In the trial practice, medical institutions for medical records and other evidence, many have altered trace. At this point, the judge that the medical institutions have fulfilled the duty of proof, proof of medical record unreal duty in the patients, patients with paperwork requirements identification. This approach is not appropriate.

A key part of 1 records, if altered, cannot distinguish the original writing content, there is no need to do document identification. This record has been lack of authenticity, unable to prove the facts of the case. The judge may direct that the evidence probative force.

2 , medical record has not been altered, but patients have evidence of its application to copy and sealed records request is not supported. The medical records of medical institutions can not become favorable evidence alone, but should be combined with other evidence, the proof of effectiveness to be determined.
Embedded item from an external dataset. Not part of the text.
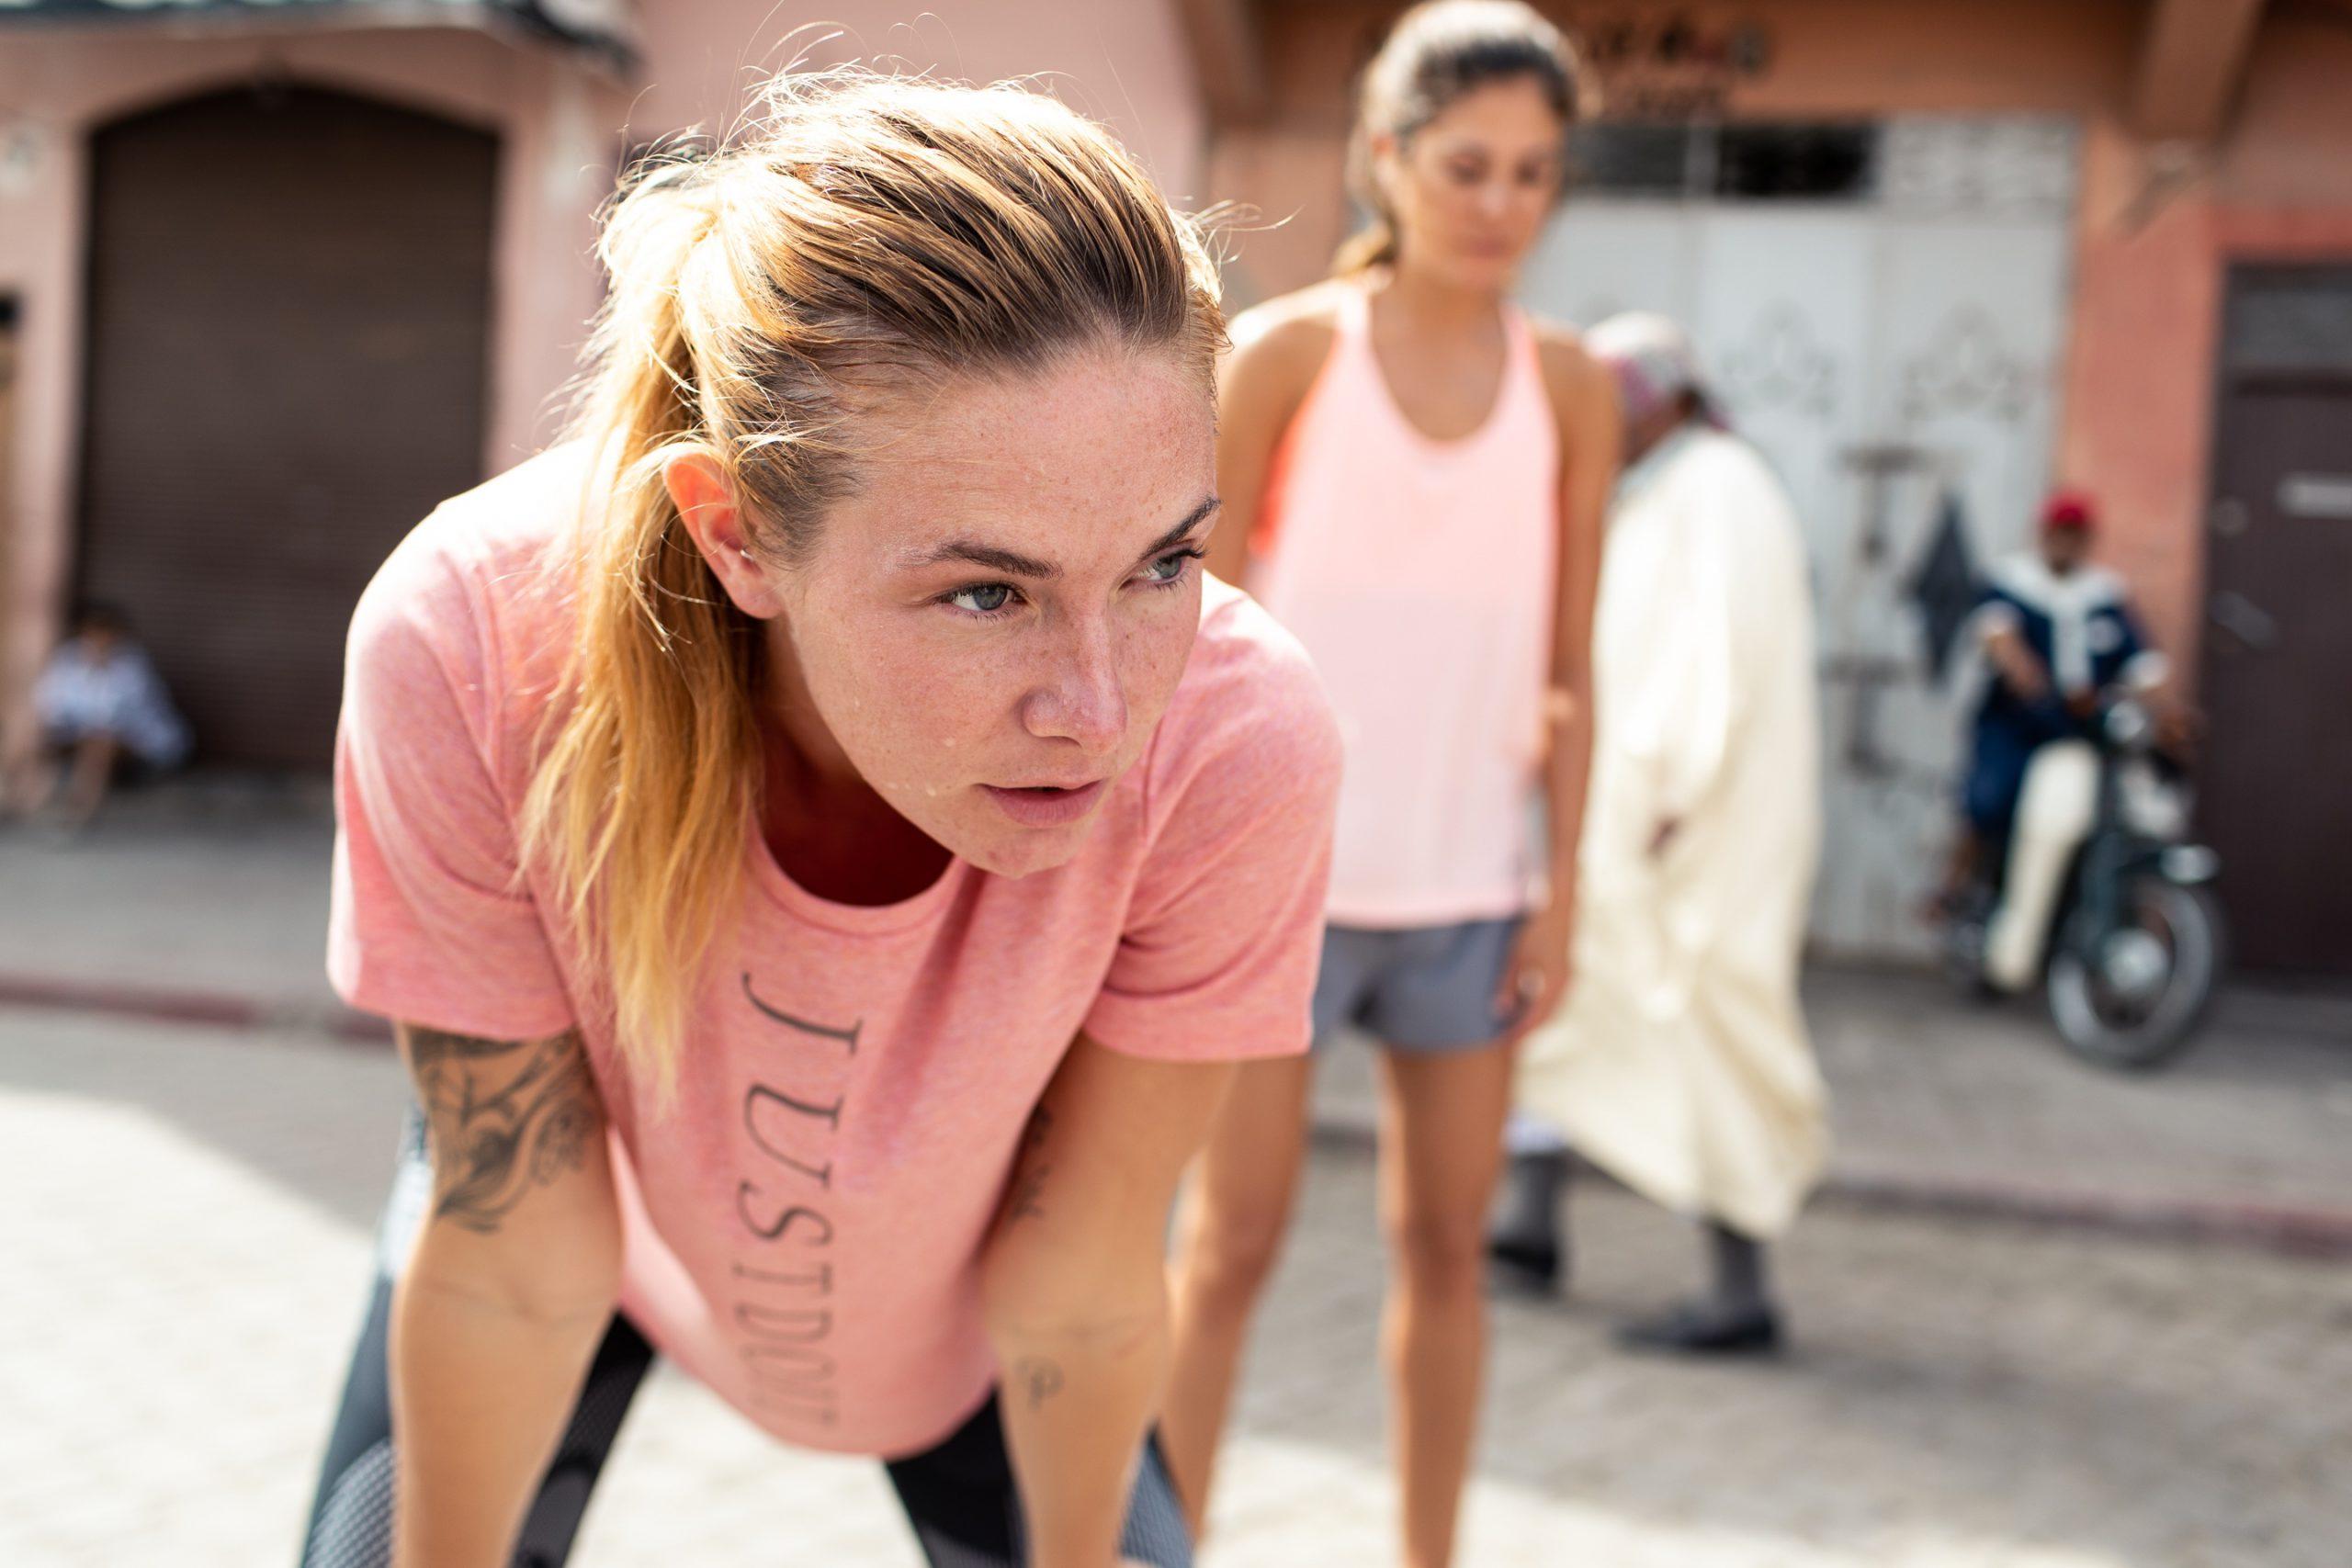 Loslaufen und Durchstarten - 8 Tipps wie du dich zum Laufen motivierst

3 , if the medical institutions to provide medical records, the ordinary people's common sense view, language, font, punctuation, arranged with personal characteristics and writing habits, and coherently, grammatical, no corrections, and promptly sealed records. If patients with only the authenticity of the records in question, has not raised any objection to the contents of the application documents, it shall be patient identification. Because this has occurred in the transfer of burden of proof. Patients have the obligation to provide evidence to support their claims.

4 , if the patient is pointed out that the contradictions between medical record content, or to add, delete, alter the traces, and pointed out that the medical institutions in the event of a dispute is not timely medical records sealed fact. As long as the patient's plea to "the apparent truth", namely the ordinary people's point of view, it is doubtful if authentic records. For identification, the application shall be borne by the medical institutions, medical institutions because of unfinished duty of proof, the evidence does not reach the standard of proof required, through the identification of beyond reasonable doubt is the obligations of the medical institutions. At this time, the transfer of the burden of proof does not occur, should the burden of medical institutions.